The teachers I know could all desperately use a little kindness. Here in Illinois, we are sometimes portrayed as lazy, greedy union thugs. In rebuttal, I’d like to observe I often work seventy plus hours per week during the school year. My take-home pay after family insurance is taken out of my paycheck leaves me barely able to afford a nice apartment. We’d be right about at the cut-off line for the federal poverty level for a family of our size without my husband’s income. The union’s another issue, but I have known the union to protect employees who needed protection. It’s a scary world out here in the swamp.

 

Dropping Like Flies

Almost half of teachers leave the field after just five years, according to the National Commission on Teaching and America’s Future. After having dedicated years to the teaching dream, these teachers walk away, abandoning their chosen career despite the many thousands in college tuition that someone paid toward their degree(s). In some cases, the career abandons teachers as supervisors write negative reviews and destroy any possibility of being rehired.

 

Eduhonesty: This career can be one of the most stressful careers on the planet. A teacher’s performance reviews are based on the behavior of children. Behavior in schools has become steadily more distressing over the last few decades.

 

Valuable life lesson from the science fair?

For the student: You can’t grow crystals on your screw overnight.

For the teacher: You can’t let them do their project at home and you should not take their word when they say, “yes, the crystals are growing.”

I suspect it was a bit humiliating to display that plain screw in a jar of brownish liquid in the gym, there for all the world to see. We are told our students must never be humiliated. But I am betting “Elliot” learned something from  having to display his screw. Next time, he may be more honest and he may try harder. I wasn’t mean about it. I just looked at the screw, then looked at the boy, who had the decency to blush.

May 1st

I think I like having a top-secret blog. I may have to reveal its location to someone but I’ll get around to that later. In the meantime, science fair work is almost over. Zombieland has zombie rules. I think I’ll create some Science Fair rules:

1) No forcing food into the blindfolded student’s mouth.
2) Be gentle when putting clothespins on noses.
3) Don’t even think of trying to open the spotty petri dish.
4) Try not to leave what you are supposed to observe in the classroom over the weekend. Some things rot.
5) If you are supposed to bake cookies, do not bring Soft Chewy Chips Ahoy cookies.
6) If I have to microwave the Soft Chewy Chips Ahoy cookies, you have to eat them. We have to do something to these cookies so you can write up your “experiment.”
7) You can’t have a sharp knife at school. Cut the apples at home. If you don’t, don’t whine about the plastic, serrated butter knife.
8) If you test the effect of a hot and cold room on classwork performance, you have to remember which assignment you gave on the cold day and which assignment you gave on the hot day. It’s important.
9) I will explain and re-explain this mysterious thing “the conclusion,” but at a certain point you just have to wing it.

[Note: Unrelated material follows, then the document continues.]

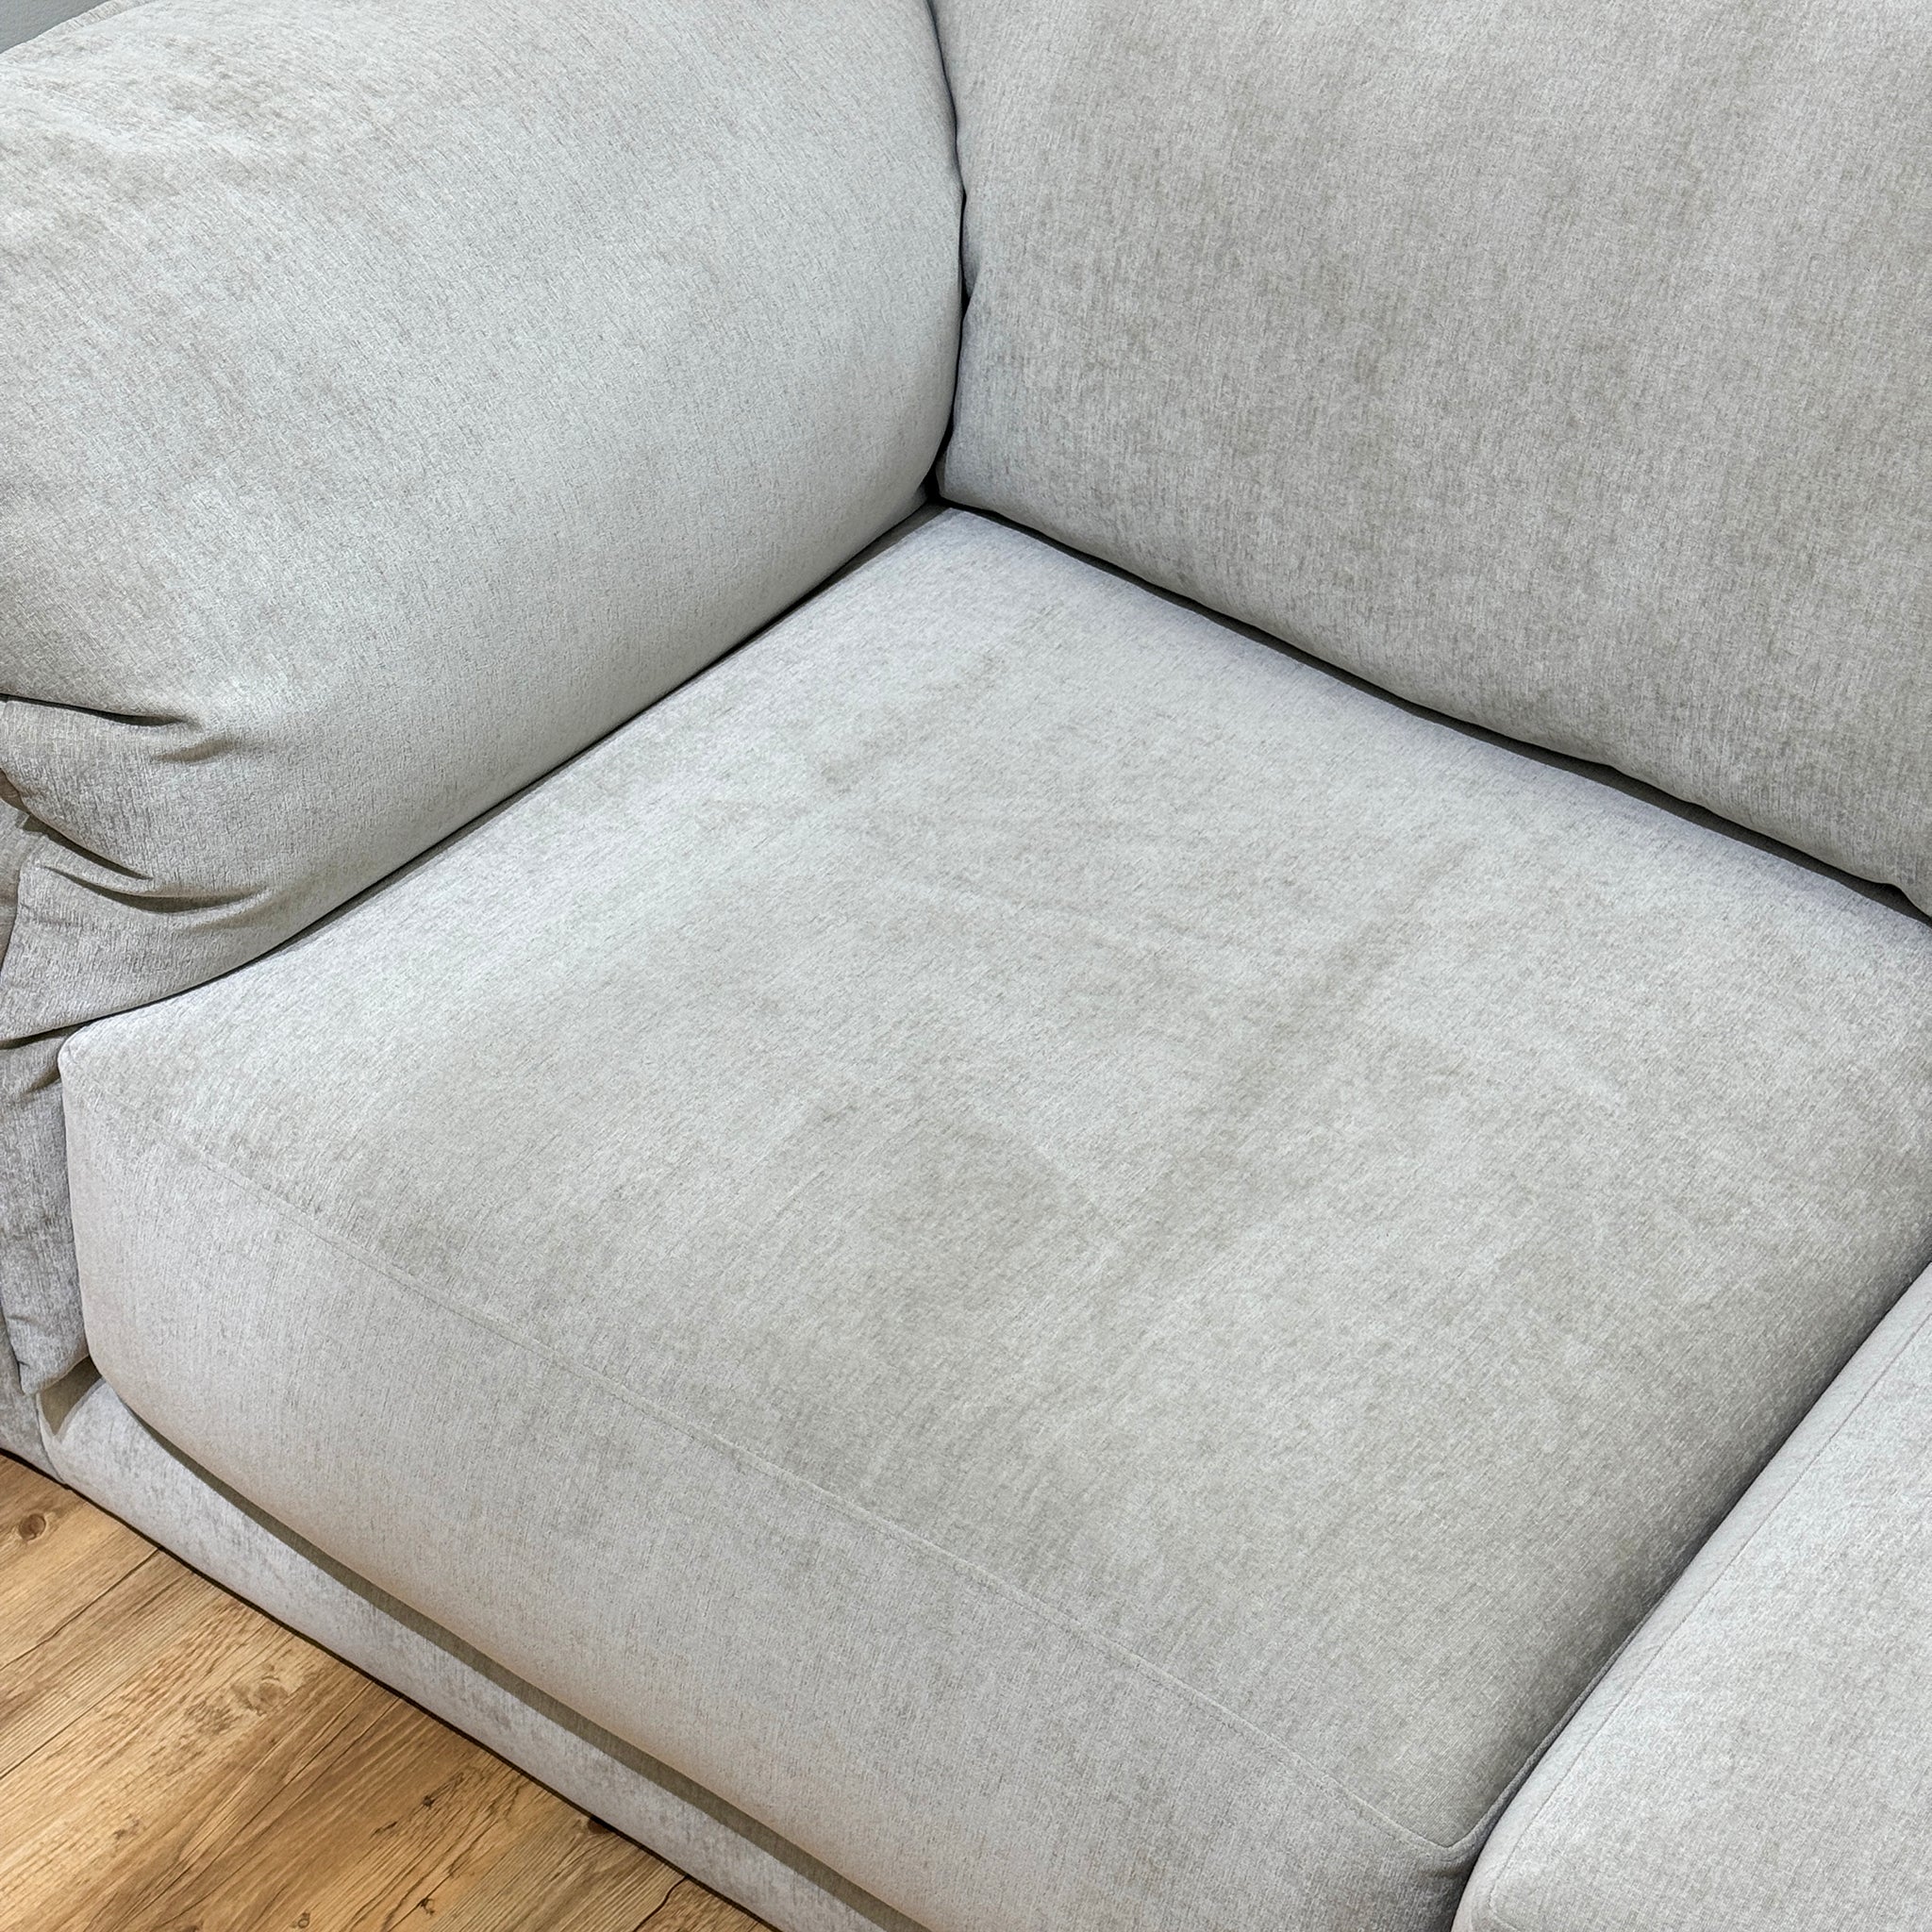 Close-up view of off-white Constance sofa back with button tufting, highlighting modern living room furniture

An average ACT score that plumbs the depths

I am told the average ACT score for the high school in the district where I work is 15.2.  Ummm… I think you get twelve just for breathing. So many bodies parked in so many desks for so many years  — What went wrong?

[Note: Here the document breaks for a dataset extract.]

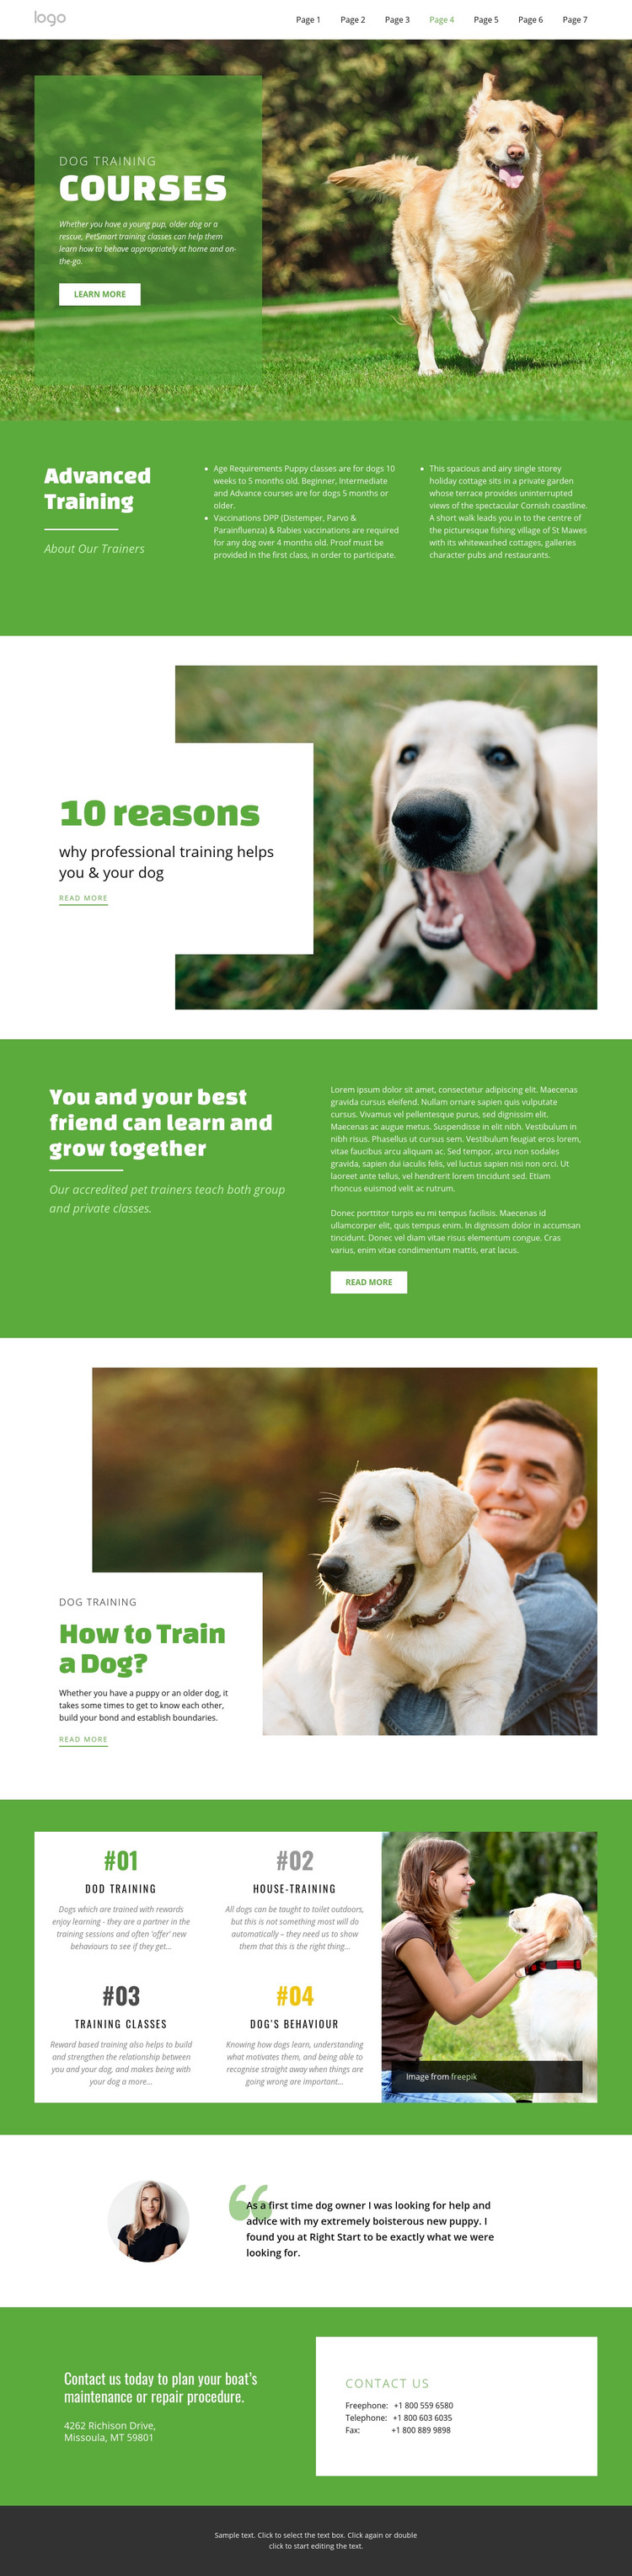 Training courses for pets Homepage Design

This is where the blog begins. It started on another site and has just been moved during this summer of 2013 to its own website. I have blogged mostly for stress relief without regard for an audience. It’s time to share, though. It’s a mess out here. I believe I may be watching the beginning of an educational apocalypse.

That said, if any reader decided to start at the beginning of this blog, I’ll note that some posts that follow are actually rather funny. Teaching is often funny. Teaching is often fun. I live teaching. I only think about the lurching bodies of mindless students in the dark of  night, mostly after another administrative demand sucked still more of my students’ lives away.

Eduhonesty: After a decade of furious government intervention, we have screwed up America’s schools so thoroughly that the whole Marvel League of Superheroes probably cannot rescue us.